ITD district traffic engineer Bruce Christensen stated that the department had visited the site and consulted manuals to reach its decision.

Last Thursday, P&Z commissioners admitted they had made a mistake by allowing the loophole and considered reopening the public hearing process to fix the problem. But they decided to let the loophole stand as it is because of potential legal problems that could arise from revisiting the issue.

"We’ve got to be more careful," lamented commissioner Theresa Comber, who decided recently to resign from the commission.

Commissioner Joel Graff, who often votes in favor of St. Luke’s during public hearings, told commissioners that they have to let their original decision stand.

"Now you’re saying you’re not going to accept what you accepted," he admonished them.

Administrator Vignes said Monday she plans to talk to ITD officials to try to get them to change their minds about installing the needed blue "H" signs.

Meanwhile, St. Luke’s is moving forward with plans for building its monument sign.

Last month, St. Luke’s Wood River Medical Center CEO Jon Moses instructed the Idaho Mountain Express that he and hospital officials would only respond to written questions from the paper due to hospital officials’ time pressures opening the new hospital and because he was concerned about the paper’s accuracy.

But Moses did not respond to an e-mail message from the paper on Monday that asked whether the hospital would alter its sign in light of county planners’ comments about it.

On Monday, St. Luke’s planner John Gaeddert asked the county board of commissioners for approval of an encroachment permit that would allow the monument sign to exist in the public right-of-way adjacent to Highway 75. Commissioners Len Harlig, Mary Ann Mix and Dennis Wright unanimously approved the request.

"We still hope to build [the sign] this year," Gaeddert said.

Responding to St. Luke’s plans to build the monument, commission chairman Tom Bowman said in a telephone interview Monday that St. Luke’s is not sensitive to county residents who, he says, don’t want to see proliferating signs along the highway.

St. Luke’s Wood River Medical Center "is not listening to people in the county," he said. "They’re listening to their donors and to St. Luke’s in Boise."

But despite the P&Z’s intentions to prevent the monument, Commissioner Harlig said he voted in favor of the encroachment permit Monday because he wanted to eliminate the possibility of St. Luke’s having to return to the board for the permit if P&Z fails to get blue "H"s installed.

"I don’t see why we should make it any more difficult than necessary for people than it already is," he said.
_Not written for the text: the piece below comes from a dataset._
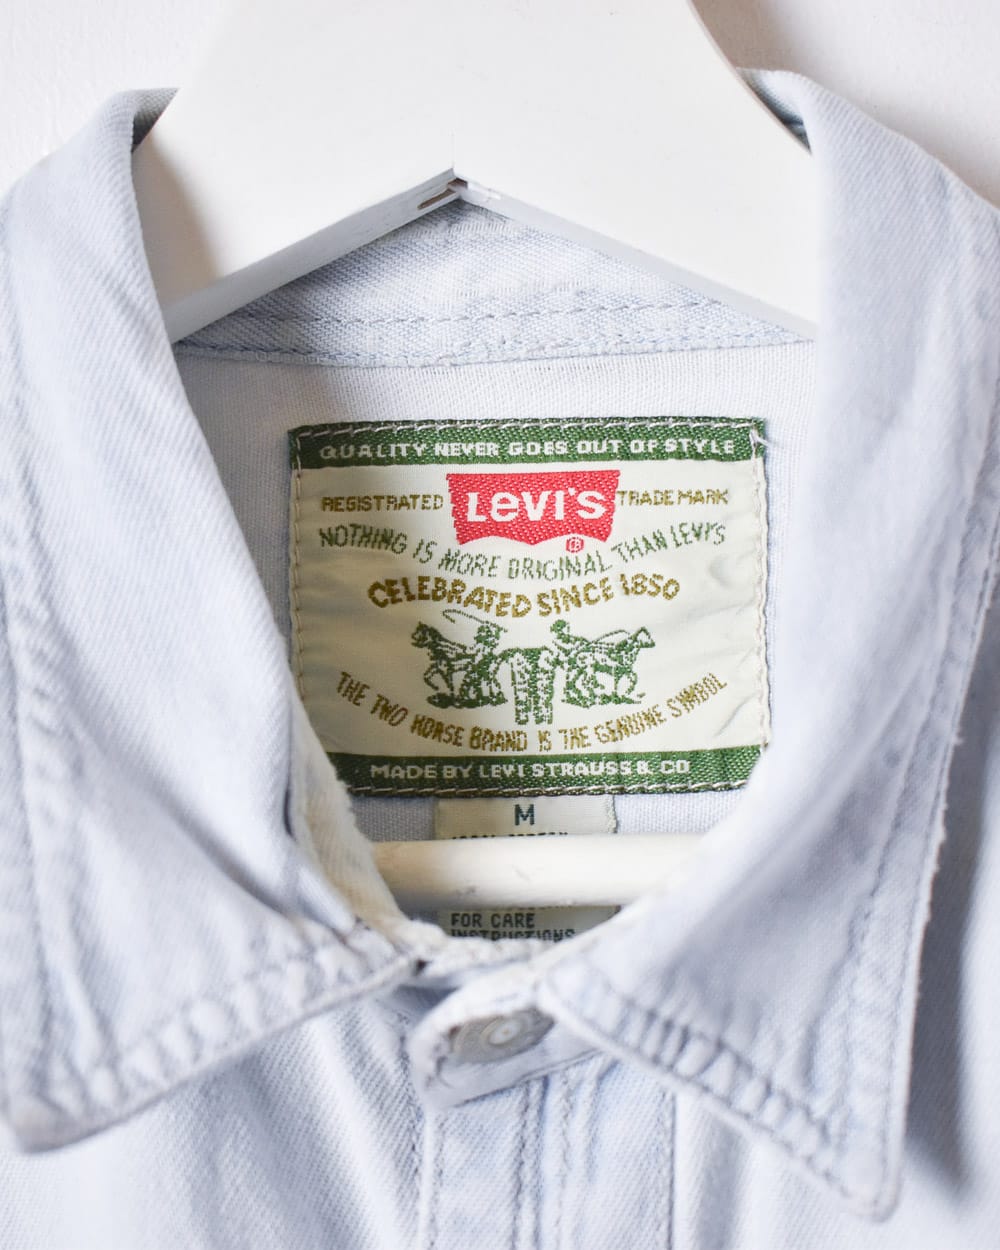 BabyBlue Levi's Denim Shirt - Medium

St. Luke’s brick-and-wood monument sign was one of two signs the P&Z rejected in St. Luke’s proposed package of 10 signs last month. The P&Z commissioners rejected it because county zoning rules only allow one 20-square-foot directional sign and one identification sign.
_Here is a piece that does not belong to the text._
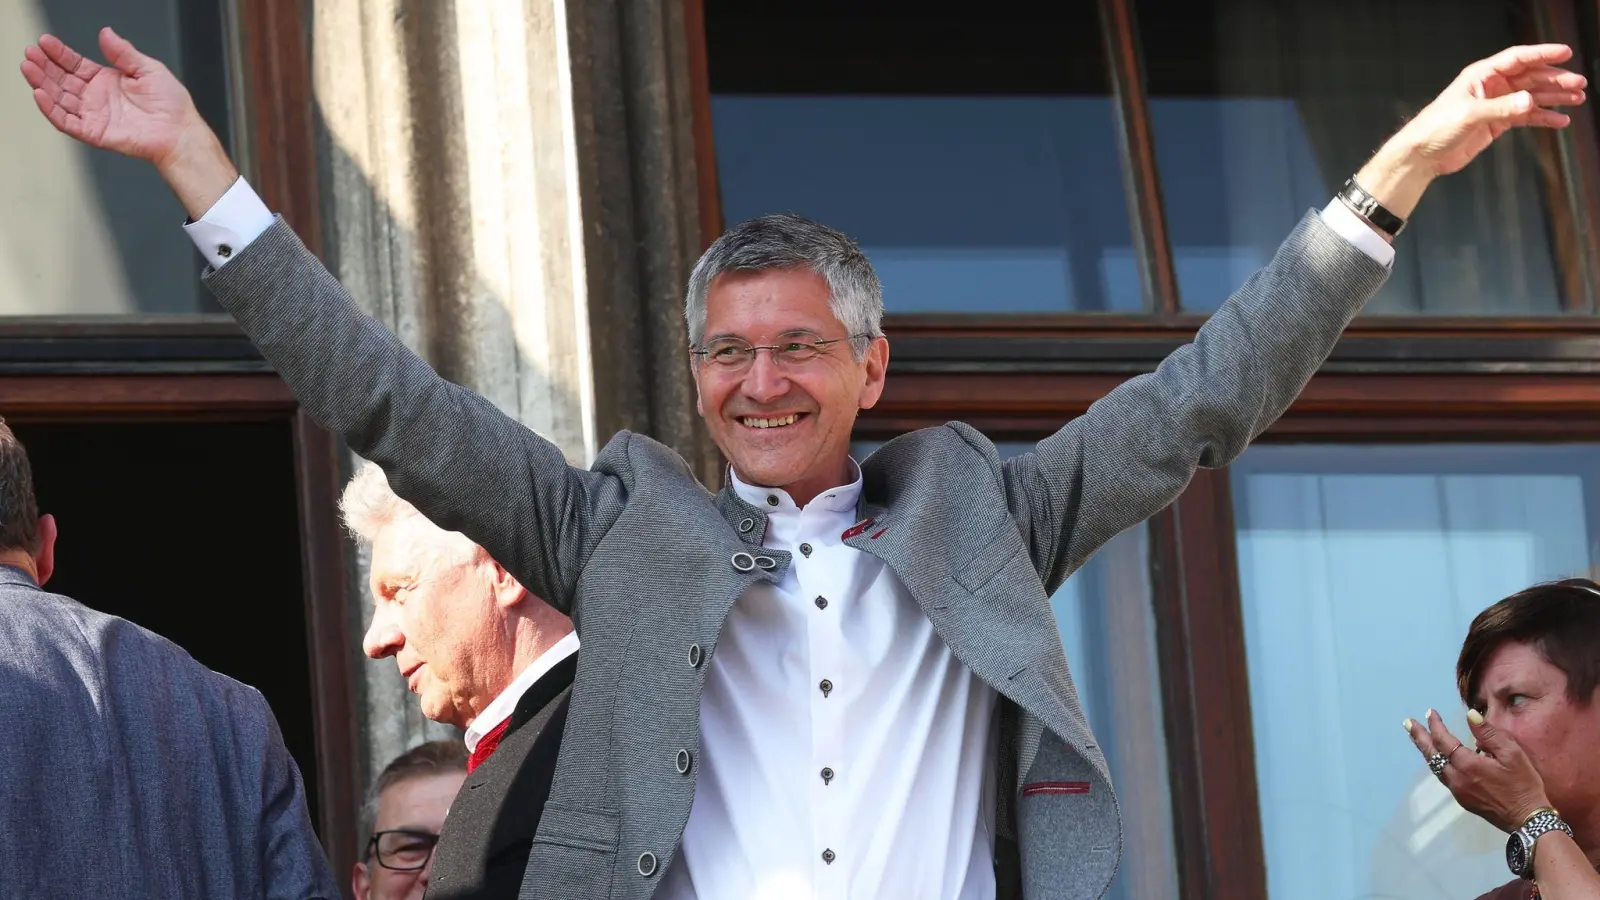 Bayern Münchens Präsident Herbert Hainer jubelt nach der Meisterschaft auf dem Rathaus-Balkon. (Foto: Karl-Josef Hildenbrand/dpa)

The P&Z had already granted St. Luke’s a 154-square-foot identification sign at the hospital’s northern entrance.

In addition to the monument, the hospital will feature a 60-square-foot cross logo mounted 40 feet high on the building’s east-facing tower wall, the 154-square-foot monument at the northern entrance and six on-campus directional monuments and wall-mounted signs that will be lit from behind with neon.

On Monday, St. Luke’s and the board of county commissioners reviewed a task list of items that must be completed before the hospital can open its doors to the public in November. Completion of the signs was not a condition of occupancy, according to the list.